Новое явление «Глобальной Британии»

Как страна возвращается к англосаксонским заветам Уинстона Черчилля

Большой пересмотр стратегии британской внешней политики был запущен по итогам знаменитого референдума о Брекзите в бытность Дэвида Кэмерона премьер-министром. Выхода Соединенного Королевства из Евросоюза мало кто ожидал, поэтому изначально никакого четкого представления о том, что страна должна делать, оказавшись за бортом ЕС, ни у кого не было. 

Какое-то время Лондон был в оцепенении, но уже при Терезе Мэй английский политический класс перешел к осмыслению нового места Британии в мире. Затем в недрах форин-офиса родилась концепция «Глобальной Британии». Ее название у многих вызывало улыбку, мол, куда Альбиону в одиночку тягаться за усиление своего влияния в мире, в котором власть ускользает даже от США. Британская империя осталась в далеком прошлом, в Содружестве наций к бывшей метрополии давно относятся без придыхания. Королевство сильно потрепали великая рецессия, Брекзит и пандемия. Всерьез стоит вопрос о перспективах территориальной целостности страны на фоне шотландского сепаратизма. Но эти констатации не отменяют того факта, что страна сохраняет глобальную атрибутику, ряд конкурентных преимуществ и главное – рудименты внешнеполитического креатива.

Борис Джонсон занял Даунинг-стрит, 10, скорее по стечению обстоятельств, чем по какой-либо логике истории. Но в каком-то смысле события привели его на этот пост, словно чтобы проверить, что же один из творцов Брекзита будет делать с его последствиями в реальной жизни. Джонсон еще больше испортил отношения с европейцами в ходе мучительных переговоров о выходе Британии из ЕС и о новой модальности их взаимосвязей. На этом фоне он естественным образом сделал ставку прежде всего на «особые отношения» с США, какими бы обветшалыми они ни были, и, во-вторых, на давнюю идею союза англосаксонских народов. Его кумир Уинстон Черчилль красноречиво такой союз продвигал после Второй мировой войны.

История подыграла Джонсону – Дональд Трамп был поклонником евроскептиков, которые отвечали ему взаимностью, и воспринимал своего английского визави как родственную душу. Приход в Белый дом Джозефа Байдена поначалу несколько спутал карты: он был принят на ура европейскими атлантистами, но для Лондона в этом заключались свои риски. Новый американский президент, как и его бывший босс Барак Обама, в свое время не поддержал идею Брекзита и выступал фактически против политических сил, олицетворением которых был Джонсон. Заявленное Байденом «возвращение» Америки в Европу оставляло меньше шансов для Британии использовать «особые отношения» с США как тыловое обеспечение в ходе выяснения отношений с европейцами.
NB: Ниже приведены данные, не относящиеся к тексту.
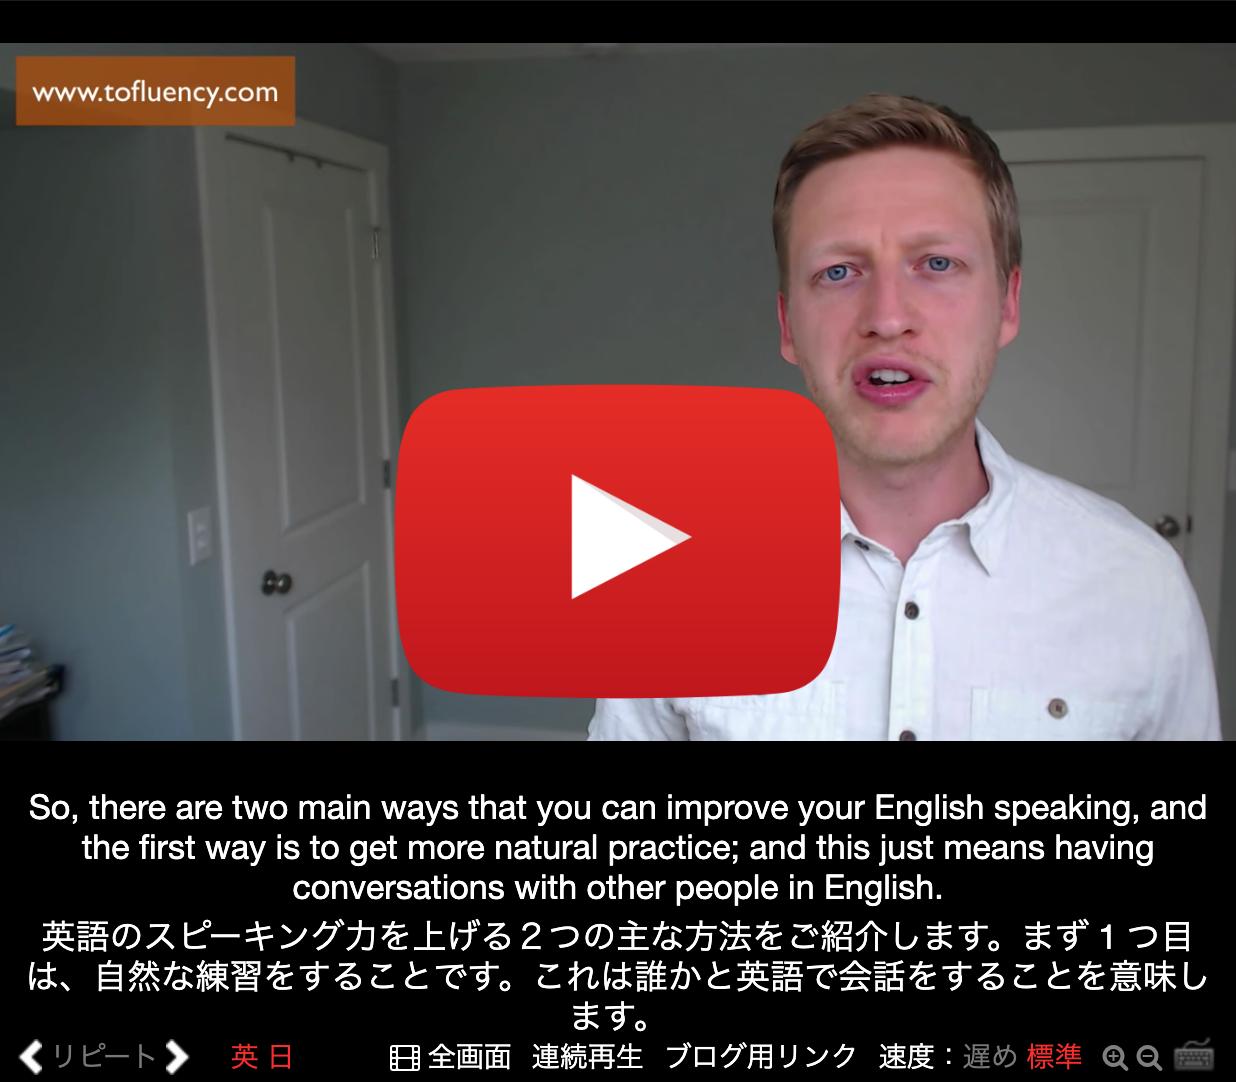 英語学習, TOP10 第9位【英語学習】英語のスピーキング力を伸ばす方法を伝授!

«Медовый месяц» Байдена с европейскими союзниками продолжался недолго. Сохранение введенных Трампом пошлин на алюминий и сталь из ЕС, вялотекущие переговоры о возвращении США в «ядерную сделку» с Ираном, отсутствие даже намека на возобновление переговоров о торговом и инвестиционном партнерстве (TTIP) еще можно было драпировать пышными саммитами, декларациями и уверениями во взаимной преданности. Но дальше жизнь расставила все по своим местам, показав, что трампизм во внешней политике Вашингтона скорее жив, чем мертв. Манера выхода США из Афганистана и заключение соглашения AUKUS вернули европейцев к жесткой реальности – США стратегически уходят из Европы и все меньше учитывают интересы своих союзников в Старом Свете.

Эти знаковые события также показали, что для США есть союзники первого и второго сорта и Британия относится к первому сорту, а Франция – ко второму (как, впрочем, и Германия, не говоря уже о других европейцах). 

Так Джонсону повезло в очередной раз: после Афганистана, вместо того чтобы теперь уже Байдену успокаивать возмущенных европейцев, Белый дом, лишь усугубляя положение дел, заключил масштабное антикитайское соглашение вместе с Лондоном и Канберрой. И похоже, реакция Парижа была для него чуть ли не откровением.

Но стенания французов и ЕС принципиально ничего не изменят. Инстинкты и рефлексы американцев толкают их на взвинчивание противостояния с Китаем, как бы тот ни пытался увернуться. В этих обстоятельствах «Глобальная Британия», используя ребалансировку Вашингтоном своей внешнеполитической стратегии, будет и дальше идти по пути усиления этнонациональной природы своей геополитики, возвращаясь к англосаксонским заветам Черчилля.